Bloomberg’s research reveals Retrieval-Augmented Generation (RAG) can produce unsafe responses; future designs must integrate safety systems that specifically anticipate how retrieved content might interact with model safeguards
According to surprising new research published by Bloomberg, RAG can potentially make large language models (LLMs) unsafe. Bloomberg’s paper, ‘RAG LLMs are Not Safer: A Safety Analysis of Retrieval-Augmented Generation for Large Language Models,’ evaluated 11 popular LLMs including Claude-3.5-Sonnet, Llama-3-8B and GPT-4o. The findings contradict conventional wisdom that RAG inherently makes AI systems safer. The Bloomberg research team discovered that when using RAG, models that typically refuse harmful queries in standard settings often produce unsafe responses. For example, Llama-3-8B’s unsafe responses jumped from 0.3% to 9.2% when RAG was implemented.

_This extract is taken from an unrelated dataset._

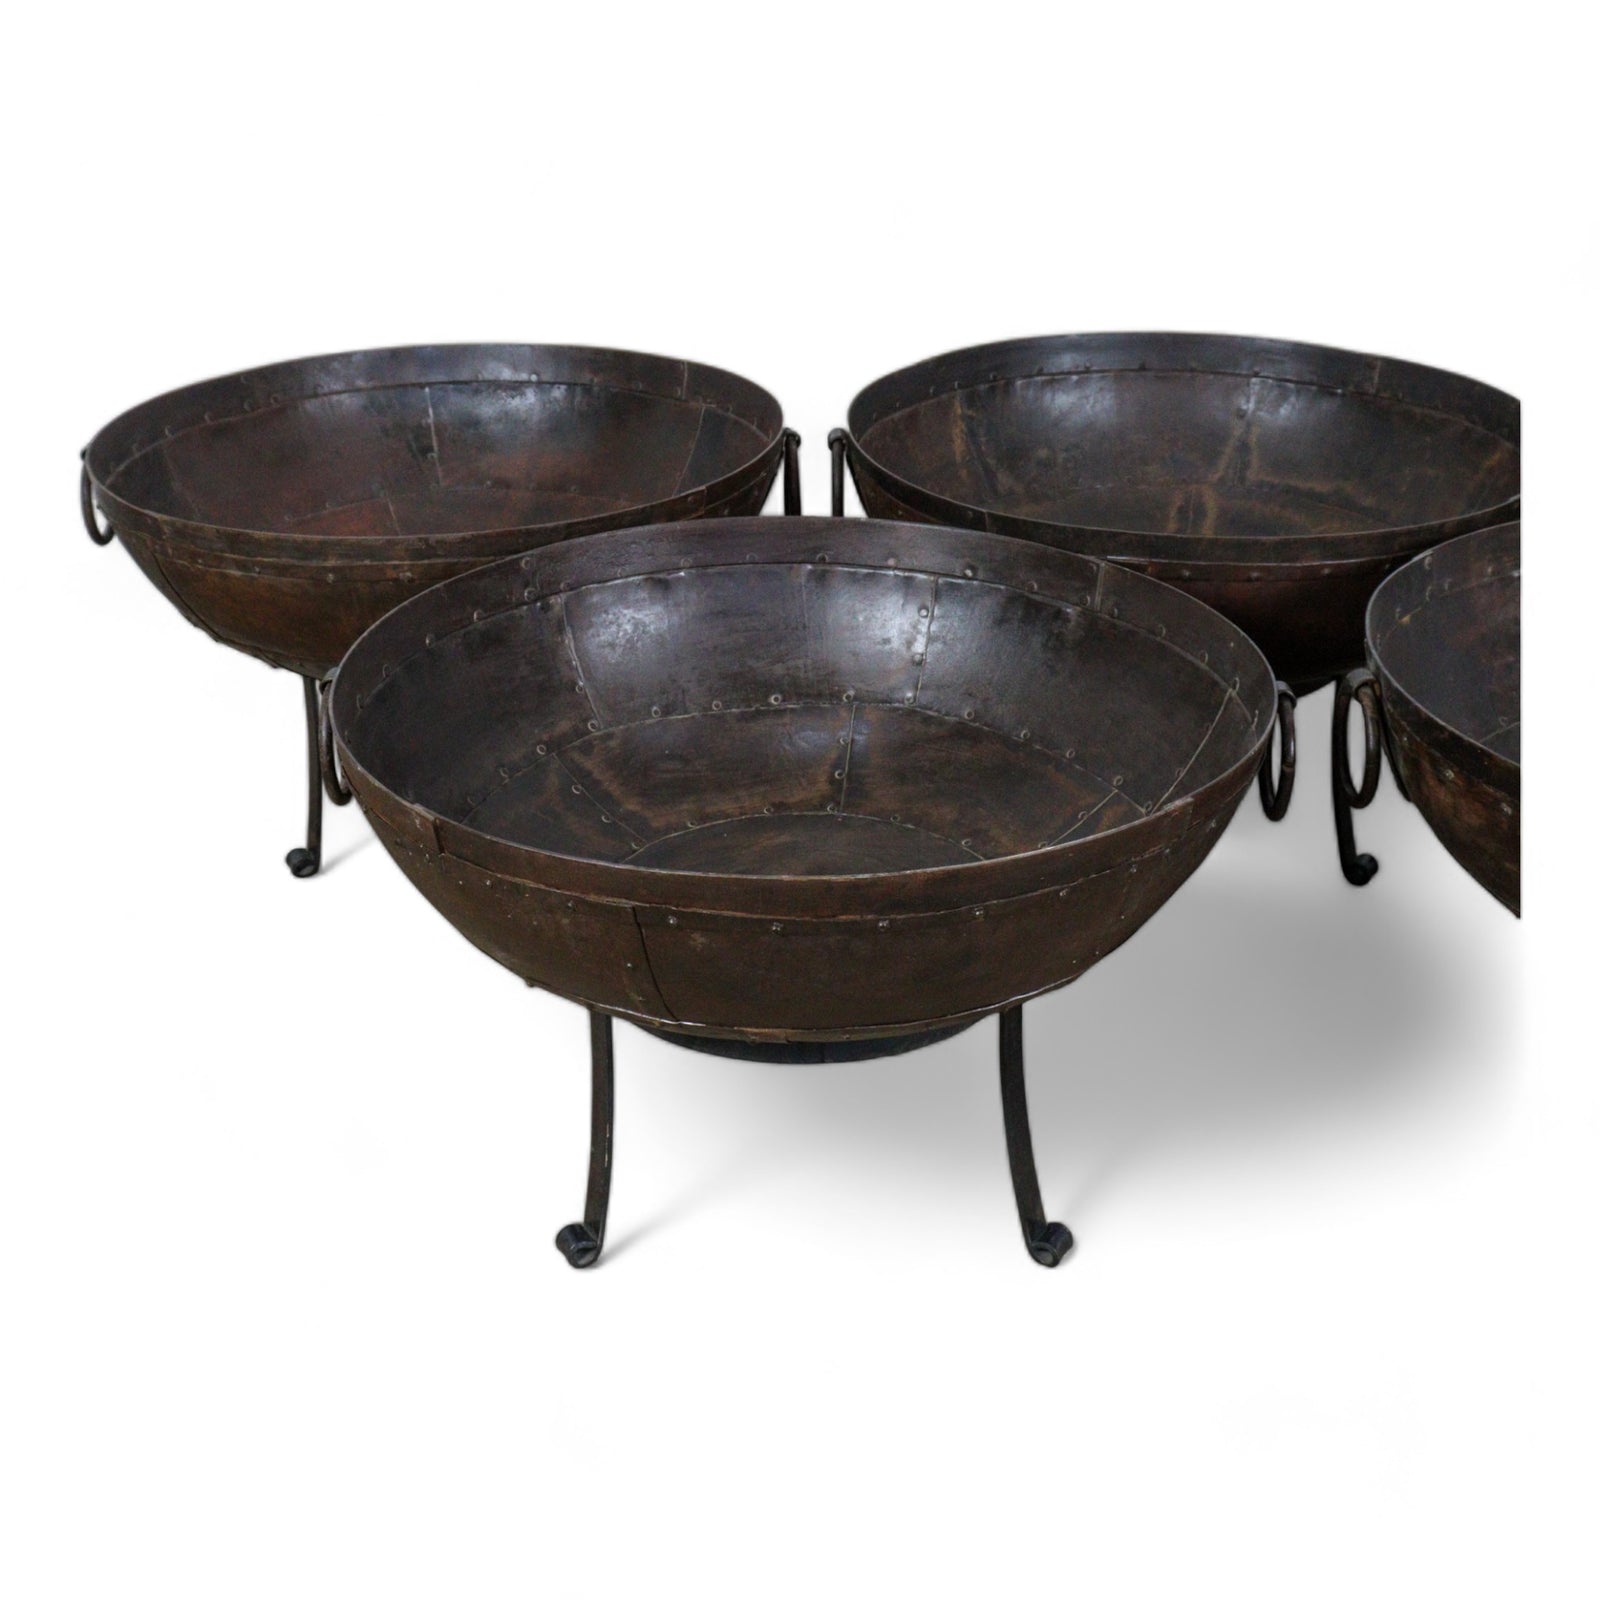 MILL-1322/1 Large Kadai with Stand 80 cm

Alongside the RAG research, Bloomberg released a second paper, ‘Understanding and Mitigating Risks of Generative AI in Financial Services,’ that introduces a specialized AI content risk taxonomy for financial services that addresses domain-specific concerns not covered by general-purpose safety approaches. The research challenges widespread assumptions that retrieval-augmented generation (RAG) enhances AI safety, while demonstrating how existing guardrail systems fail to address domain-specific risks in financial services applications. For enterprises looking to lead the way in AI, Bloomberg’s research mean that RAG implementations require a fundamental rethinking of safety architecture. Leaders must move beyond viewing guardrails and RAG as separate components and instead design integrated safety systems that specifically anticipate how retrieved content might interact with model safeguards. Industry-leading organizations will need to develop domain-specific risk taxonomies tailored to their regulatory environments, shifting from generic AI safety frameworks to those that address specific business concerns.